I'll be honest, it's primarily just the raw, I tend to go through slacker phases with the bugs, over the last several months the insects have ended up being more of a treat than the staple they used to be.
But i'm getting back into them the last couple of weeks. No reason, i prefer to feed them, i just got a little distracted and lazy i guess. She hadnt been into catching her crickets any more so i stopped with them, i'm planning on reintroducing my old habit of freezing them before feeding. She loves her mealworms, i just kept forgetting batches of them out of the fridge and had a lot die on me so i kind of stopped it for a while. But i'll be continuing with those regularly. She's had thr occasional hornworm the last few months as i've had lots of those around for my chameleon, so if i ended up with small ones she'd get them. Last week she had a couple butterworms (we haven't had those in quite some time as my store stopped carrying them. I have found another couple of sources and will be getting some more regularly for my chameleon, so she'll be getting those too soon. 
And the last thing I'll mention as it's a new development - last week she tried a pinky mouse and 2 rat pups for the first time (happened to end up with them on hand, deceased, intended for another critter) - and she instantly went posititvely bananas over them. I was surprised. And a little appalled, as she ate them under her blankies, and there were a few "bits" left stuck to the fleece. Lol.
As much as I respect the concept of a whole food diet for complete health and teeth cleaning purposes, it won't be something I offer regularly (I keep gerbils too, so it is very sad for me to view little rodent babies as food) , but maybe since she liked it so much, it could be a birthday or thank giving treat as a special occasion thing.
I only mentioned it for those who have in the past expressed concerns about their ability to chew chunks of raw meat or handle pieces of bone.
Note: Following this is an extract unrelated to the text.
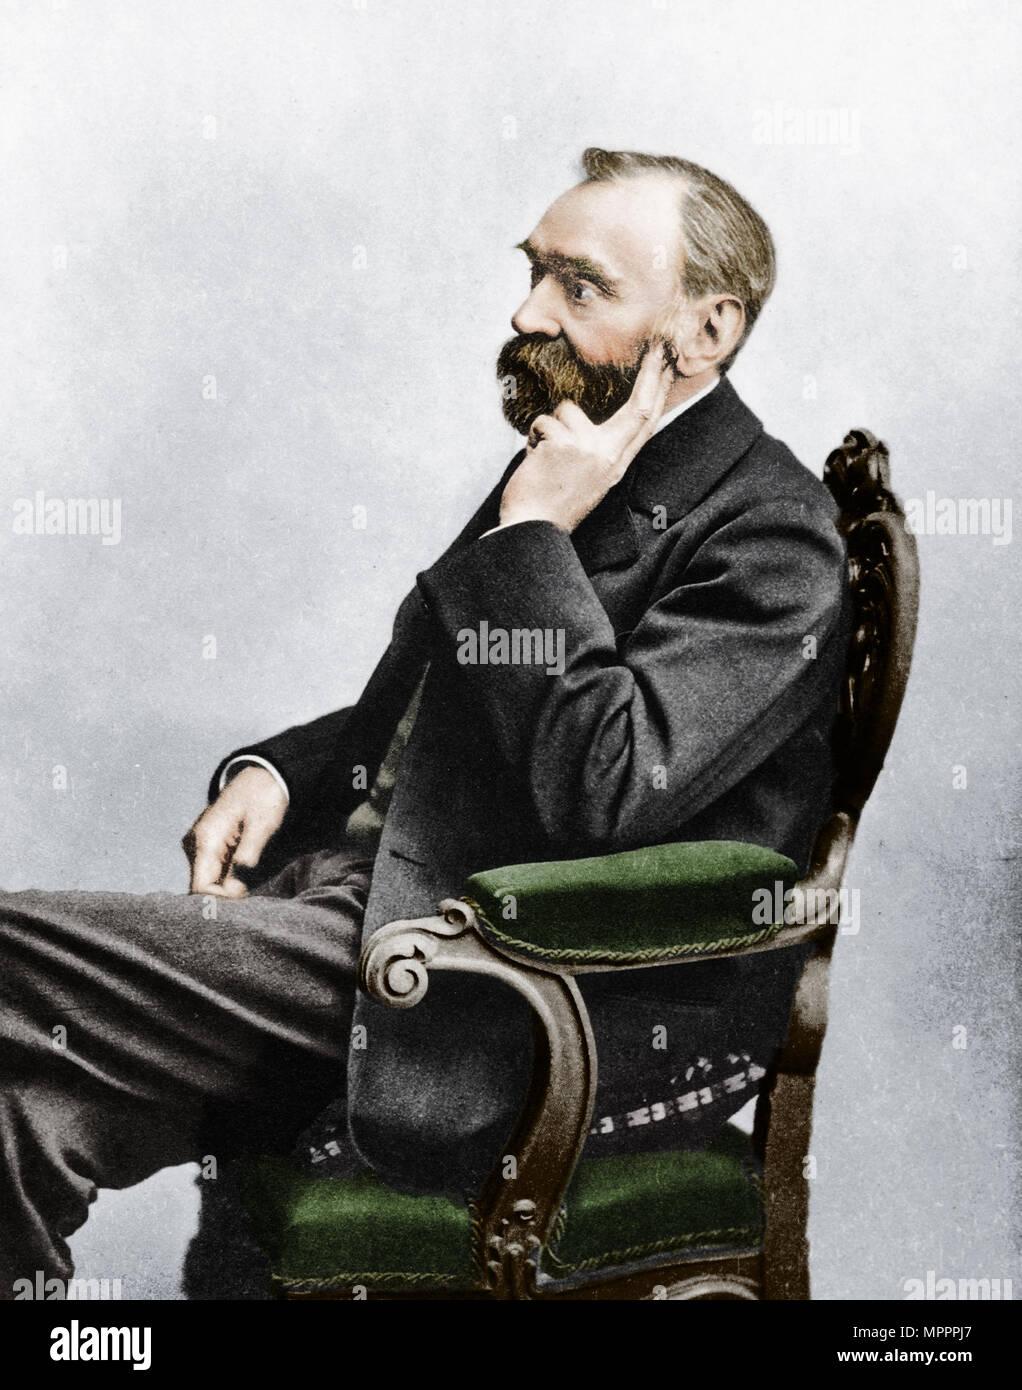 Alfred Bernhard Nobel, c 1880. Artist: Unbekannt. Stockbild
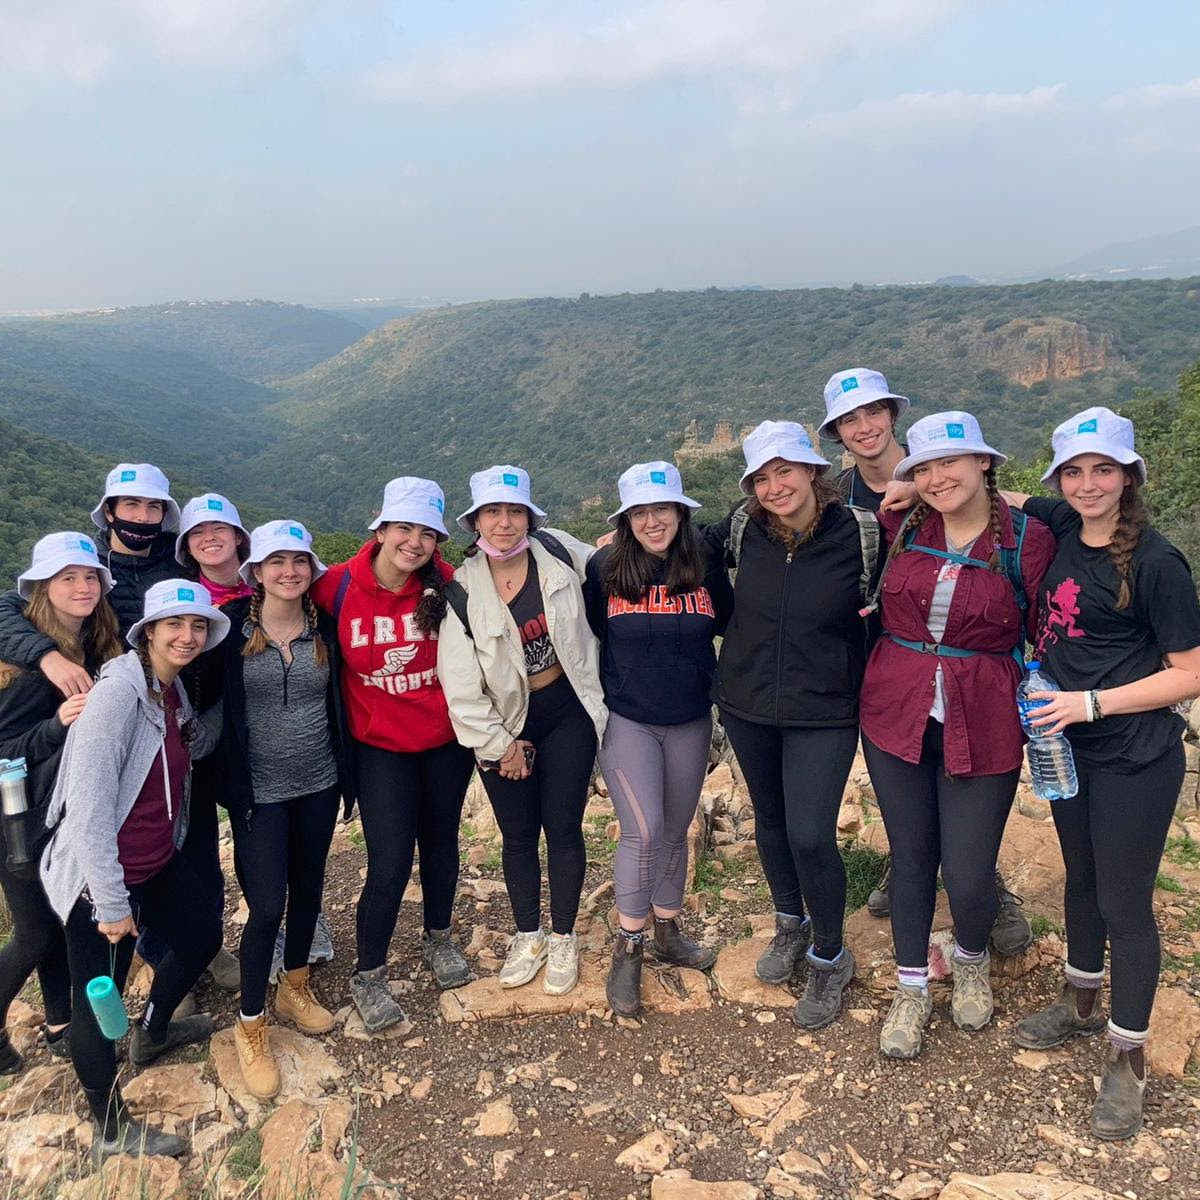 GAP mechina, Hebrew, communal life, year in Israel, volunteer, volunteering, friendships, Shnat Sherut, friends, relationship, BINA Gap year

Judging by her ability to down those two rat pups, I think we underestimate the capabilities of those pointy little mouths.  
I really don't have any new news to report, just updating the timeline to 1.5 years on the raw diet and still going strong with great success. 
If anyone else has started a raw diet with theirs in the last year, please share your results and diet plans with me.


----------



## Lilysmommy (Jan 7, 2009)

Yay, thanks for the update!  I'm so glad to hear that Astrid's still doing great on the raw bites. There's been at least one or two other people that have started using those or at least offered them to their hedgies & gotten great reactions to them. Not sure if you'll have already seen this, but I've been keeping an updated sticky that includes links to threads people have going about their raw/home-made diets - http://www.hedgehogcentral.com/forums/12-diet-nutrition/23066-raw-home-cooked-diets.html The three after yours are all from the past year.  I added this to the sticky as well, I hope you don't mind!


----------



## Amlinals (Jul 26, 2012)

Yes I noticed that this morning, was happy to see the topic so centrally featured, and it was a handy way to find my old threads, Thank you.


----------